WORK TO COMPLETE
Set down, exactly and only, everything from the line containing "Micro Luggage in" down to the line containing "One More Chapter Shirt - Size Large" in the data below; the pictures are not part of the copy.

PROVIDED INFORMATION
################
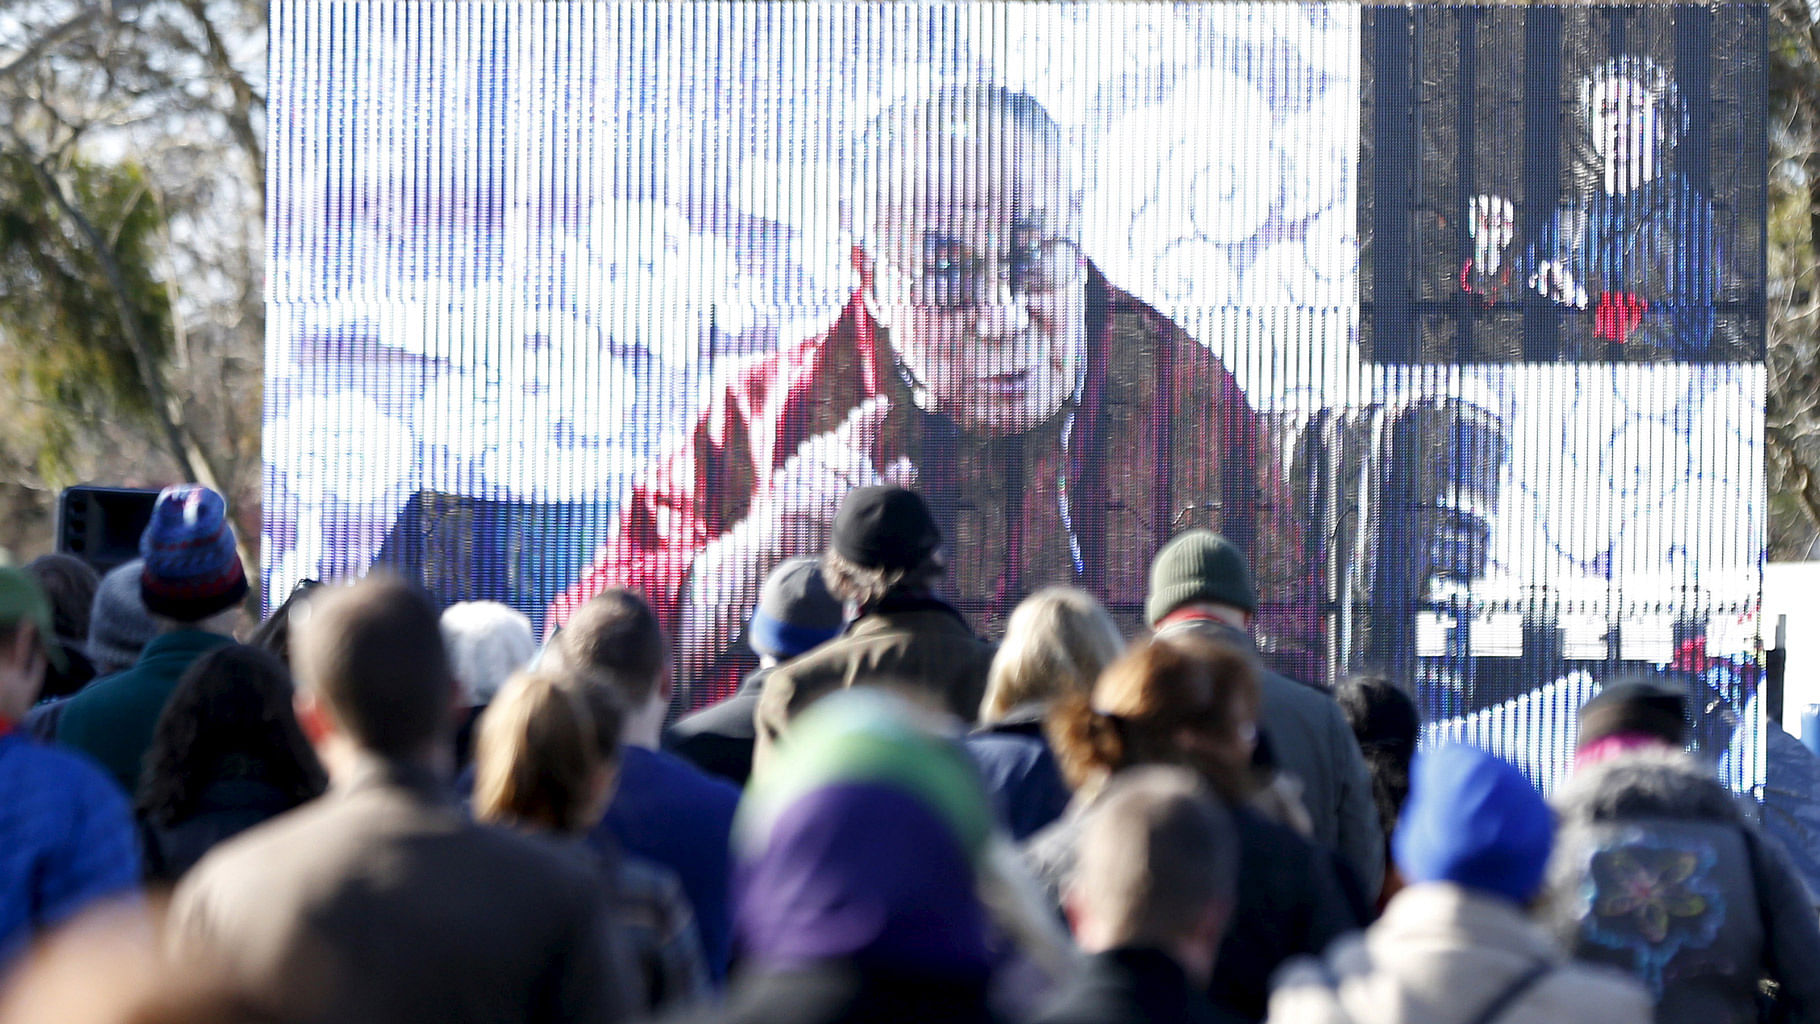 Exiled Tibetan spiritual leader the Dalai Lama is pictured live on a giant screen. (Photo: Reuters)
################
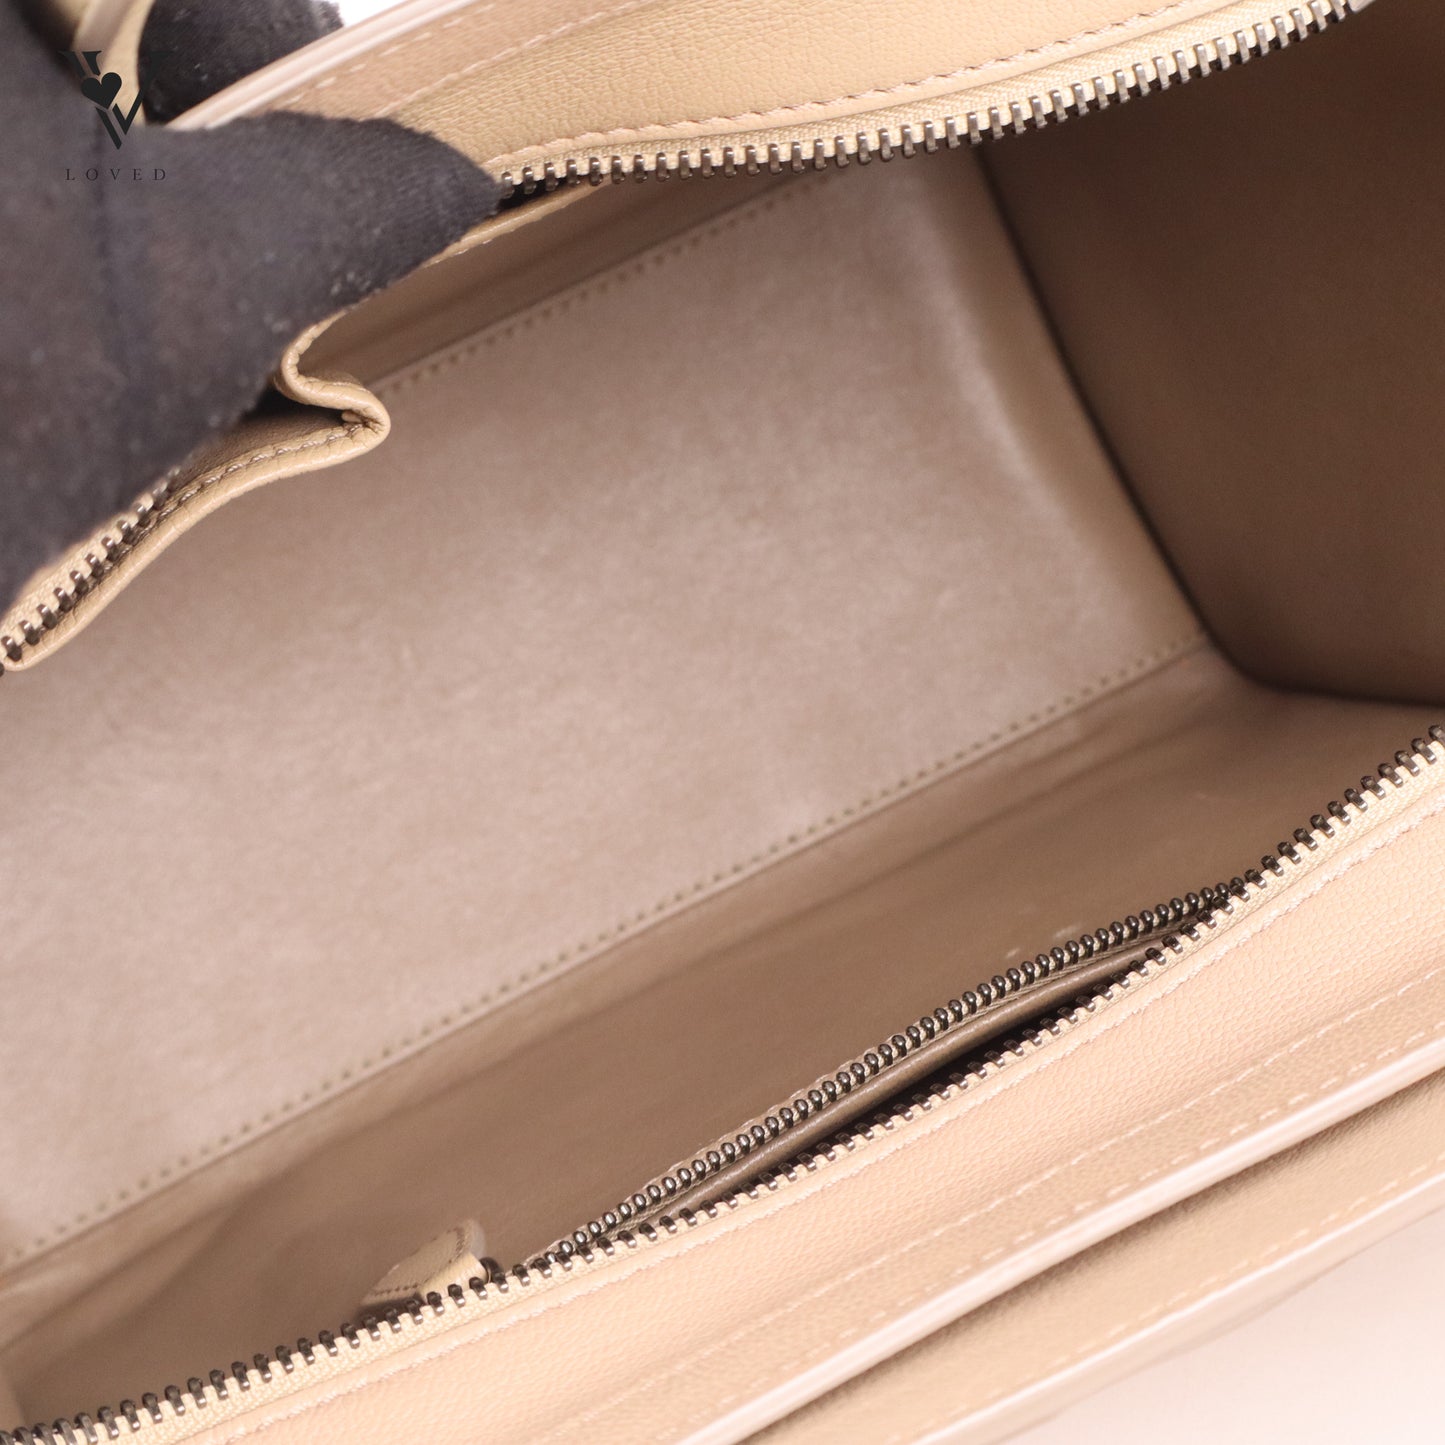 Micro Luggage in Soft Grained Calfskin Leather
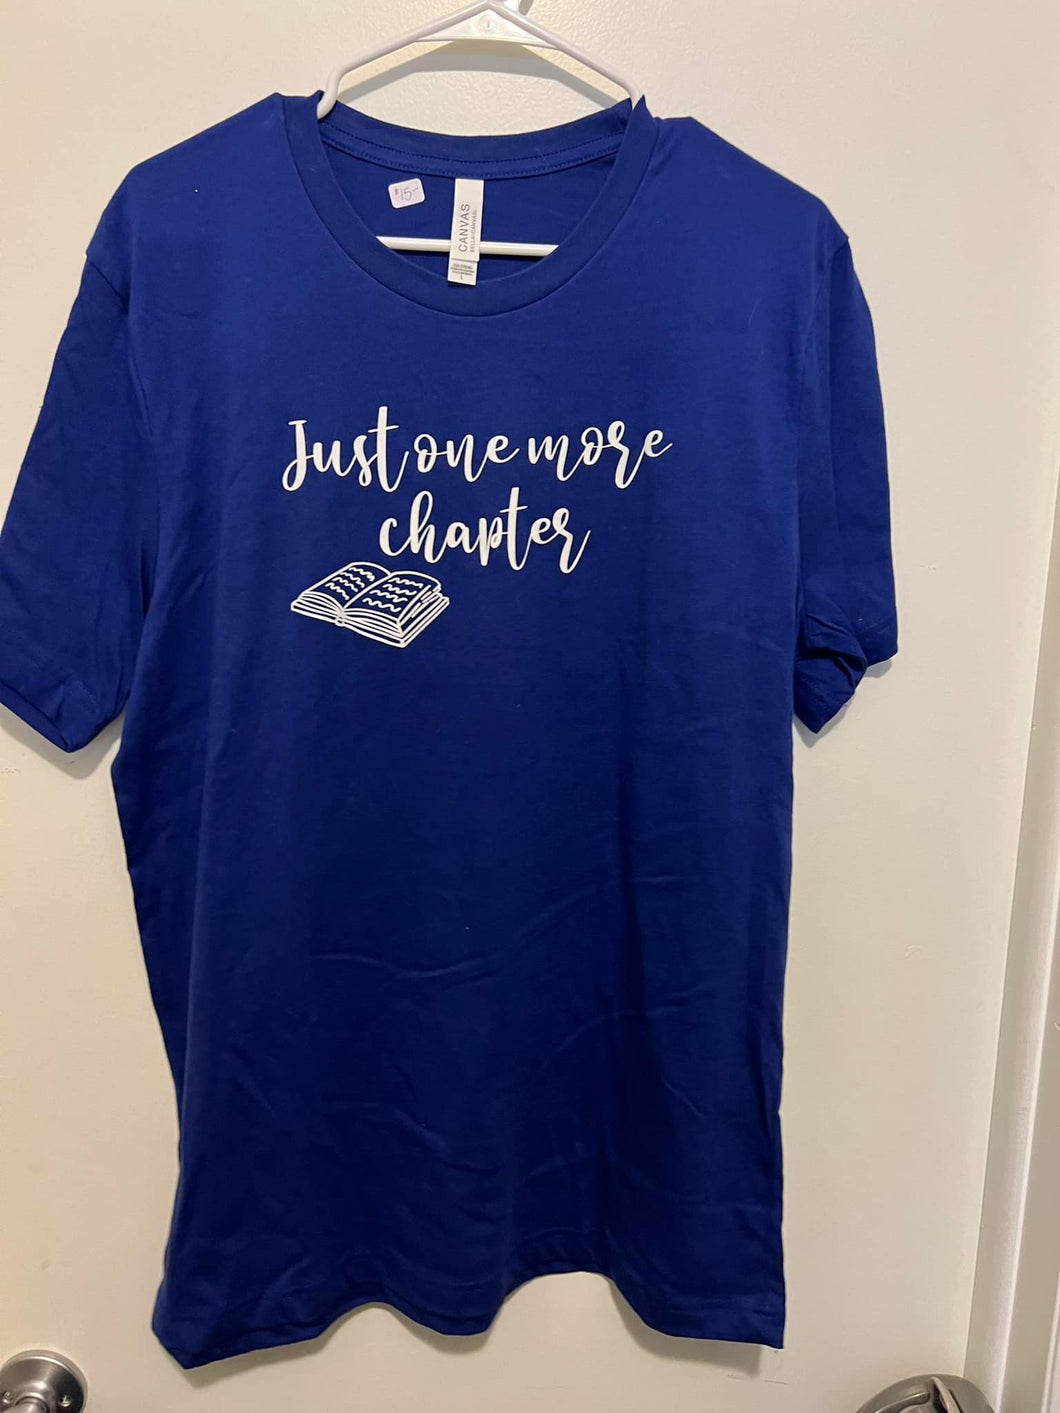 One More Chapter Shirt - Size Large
################
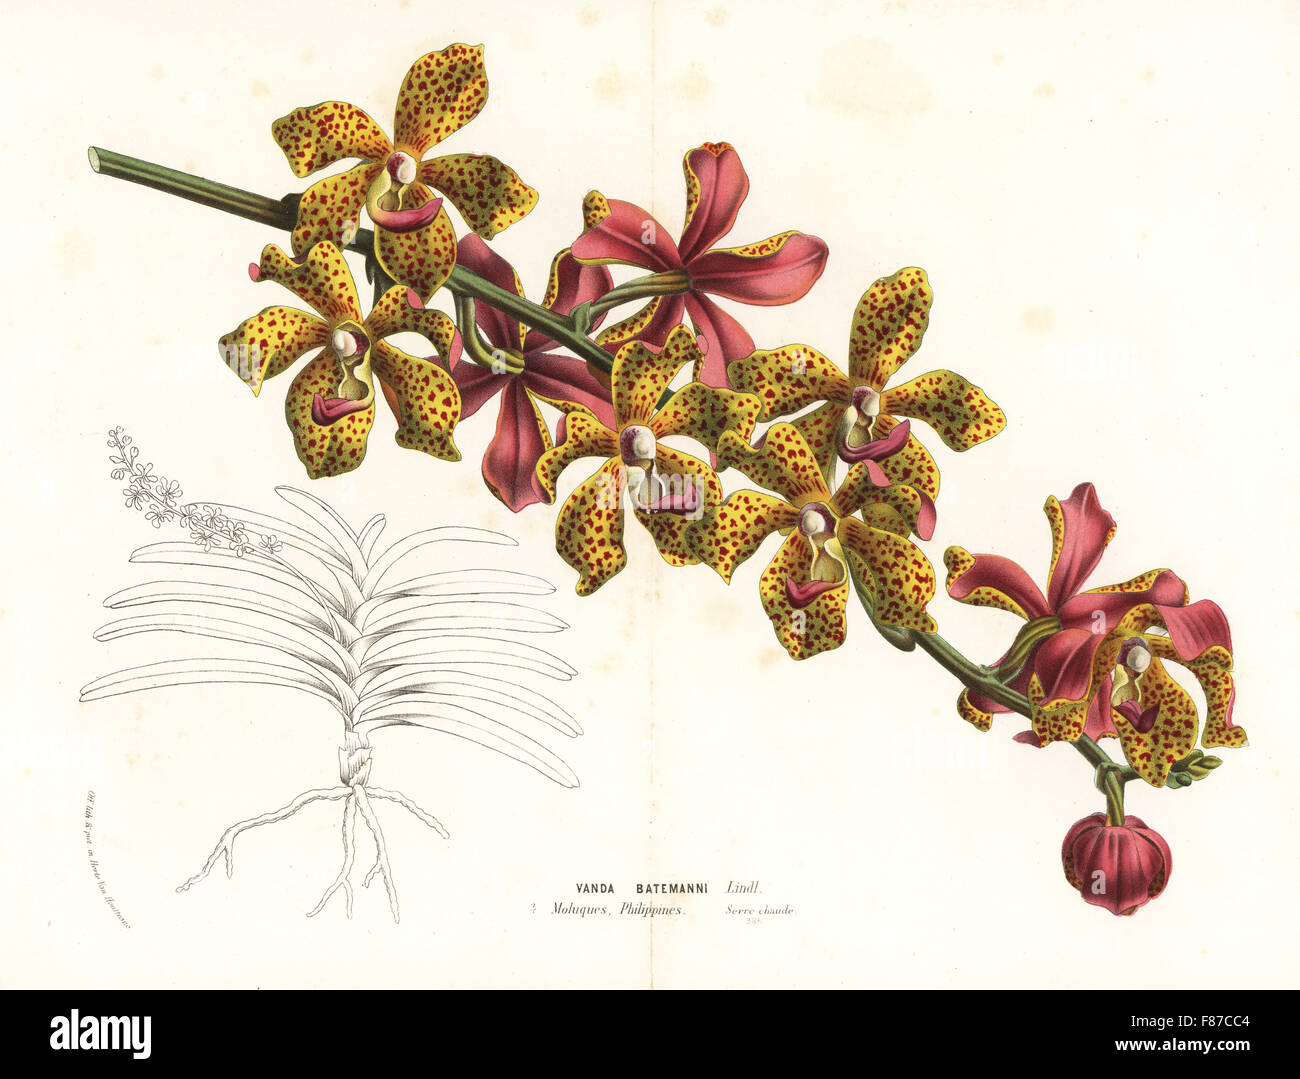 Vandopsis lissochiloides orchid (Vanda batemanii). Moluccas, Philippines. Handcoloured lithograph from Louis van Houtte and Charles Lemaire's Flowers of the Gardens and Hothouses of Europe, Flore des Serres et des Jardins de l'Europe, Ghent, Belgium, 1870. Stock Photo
################
RESPONSE AREA
 Micro Luggage in Soft Grained Calfskin Leather
 One More Chapter Shirt - Size Large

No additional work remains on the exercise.